Evaluation for Micro Economics

Evaluation is the ability to look at issues from a critical perspective; to look at other potential outcomes. Evaluation questions will typically begin with words like, discuss, evaluate, to what extent, assess.

These are some ways to get evaluation marks for microeconomics. (note there are potentially more ways to evaluate but this gives a few ideas)


1. Elasticity. e.g the effect of a tax increase depends upon the elasticity of demand. If demand for cigarettes is inelastic, a tax will be relatively ineffective in reducing demand. However, if demand for a good is quite price elastic, then a tax increase will reduce demand significantly. If we look at the effect of a minimum wage or trade union, the impact will also depend on the elasticity of demand. For example, if demand and supply are inelastic, then the impact of a minimum wage on unemployment will be relatively small.

The impact of a subsidy depends on the elasticity of demand


If demand is price elastic (e.g. diagram on the left, then a subsidy causes a bigger percentage change in demand. If demand is price inelastic, then a subsidy only causes a small rise in demand.

2. Significance A rise in the price of oil has a significant impact on the costs of firms. A rise in the price of water is much less significant.

For example What is the impact of a rise in the price of coffee beans on coffee shops like Starbucks? Estimates suggest that coffee beans only account for 2% of the final price of a Starbucks, therefore it will be relatively insignificant. Starbucks would be more greatly affected by a change in city centre rents or an increase in the minimum wage.

For a question on – discuss why women get lower wages than men, you could one reason why women get lower paid than men is men tend to gain more qualifications. However, this point is relatively insignificant because women’s academic qualifications have, more or less, caught up with men and so this point is no longer so significant as it was 40 years ago.

3. Depends on the industry.
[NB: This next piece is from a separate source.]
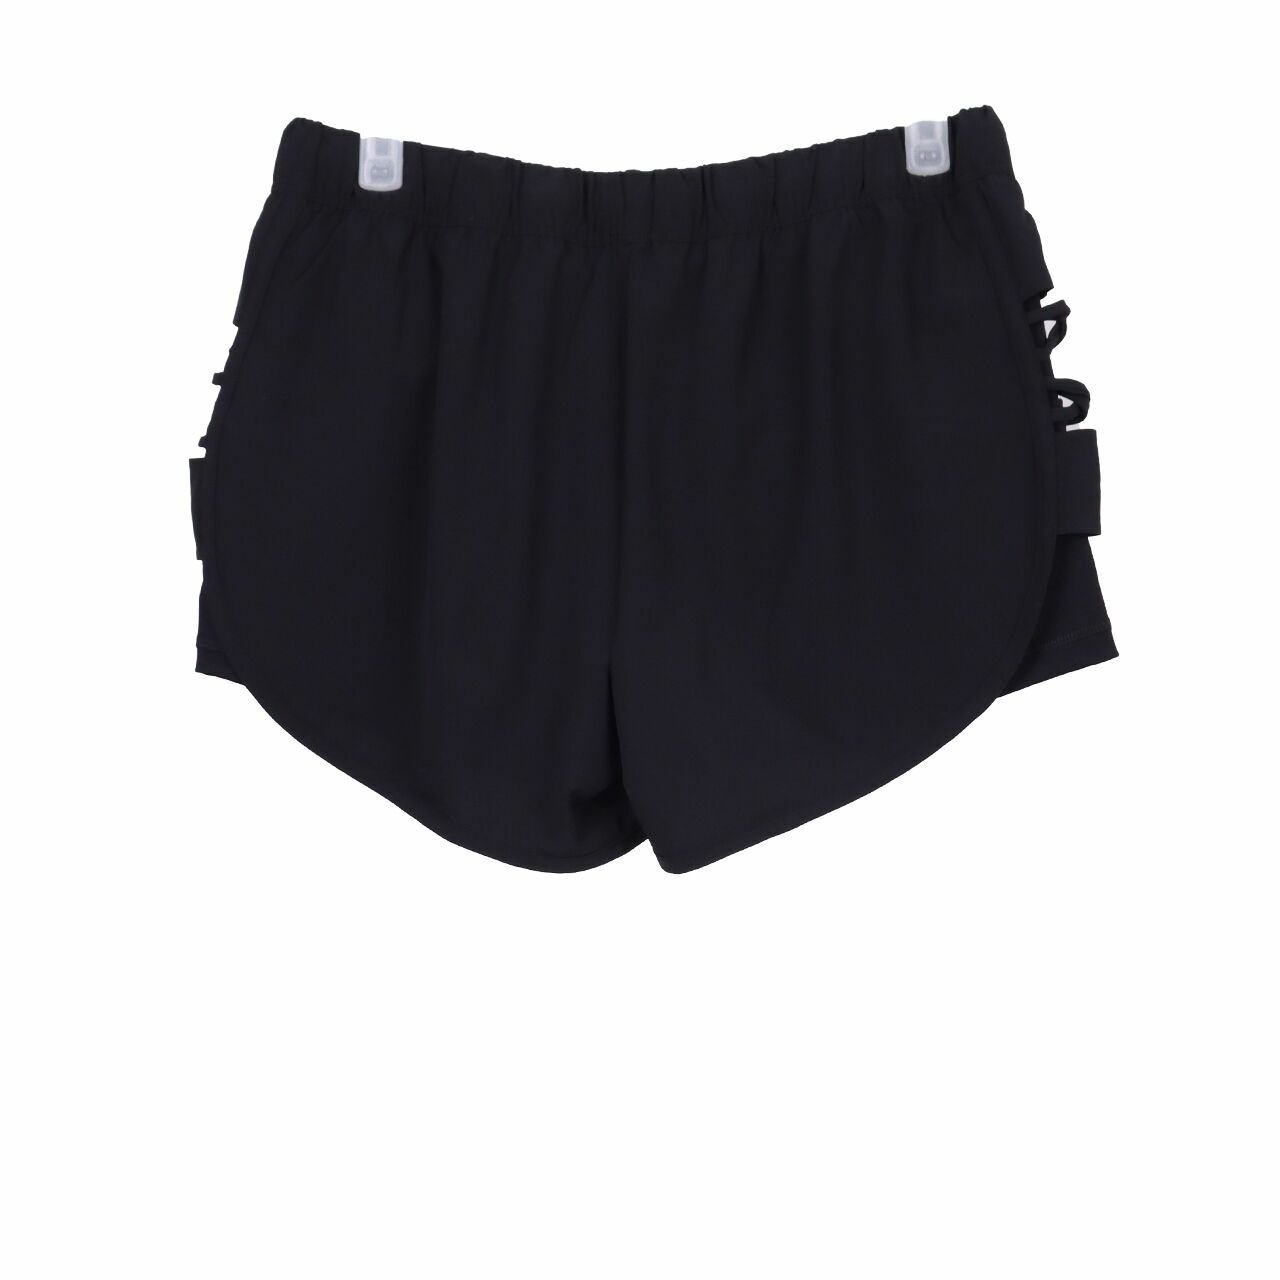 Wakingbee Black Shorts

If we are examining whether a merger is in the public interest, it depends very much on the industry in question. For example a merger between two firms in the car industry may enable significant economies of scale, because in that industry there are high fixed costs. However, if the merger was between two firms in the retail business, the scope for economies of scale is much less. Therefore, the Competition and Markets Authority will look at the scope for economies of scale in the industry.



4. Short Term / Long Term. The impact of a rise in oil prices in the short term is likely to involve only a small fall in demand because demand is inelastic. But, over time demand becomes more elastic as people start to find alternatives to oil, such as hybrid cars. Therefore, the effect of rising oil prices will be different in the long term to the short term.

higher-price-oil-elasticity-time-lag In the short-term, demand

5. Government intervention may always lead to government failure

E.g. government subsidies may encourage inefficiency because firms start to rely on government handouts. This is an unintended consequence. The EU Common Agricultural Policy (CAP) involved subsidies to ensure minimum prices but this caused an increase in supply and the cost proved much higher than expected.

6. Depends on market structure

The effect of a trade union depends on whether it is operating in a competitive market or monopsonistic market.

In a monopsony a minimum wage of W3 doesn’t cause unemployment as a monopsony pays W2.

7. Depends on the objective of firms

For example, a profit maximising firm is more likely to collude. A firm seeking to maximise market share is more likely to start a price war. Useful for a question on – Discuss how firms in Oligopoly compete?

See: Objectives of firms

8. Depends on contestability of market

A merger may be OK, if the market remains contestable. But, if there are barriers to entry the merger may reduce competition too much.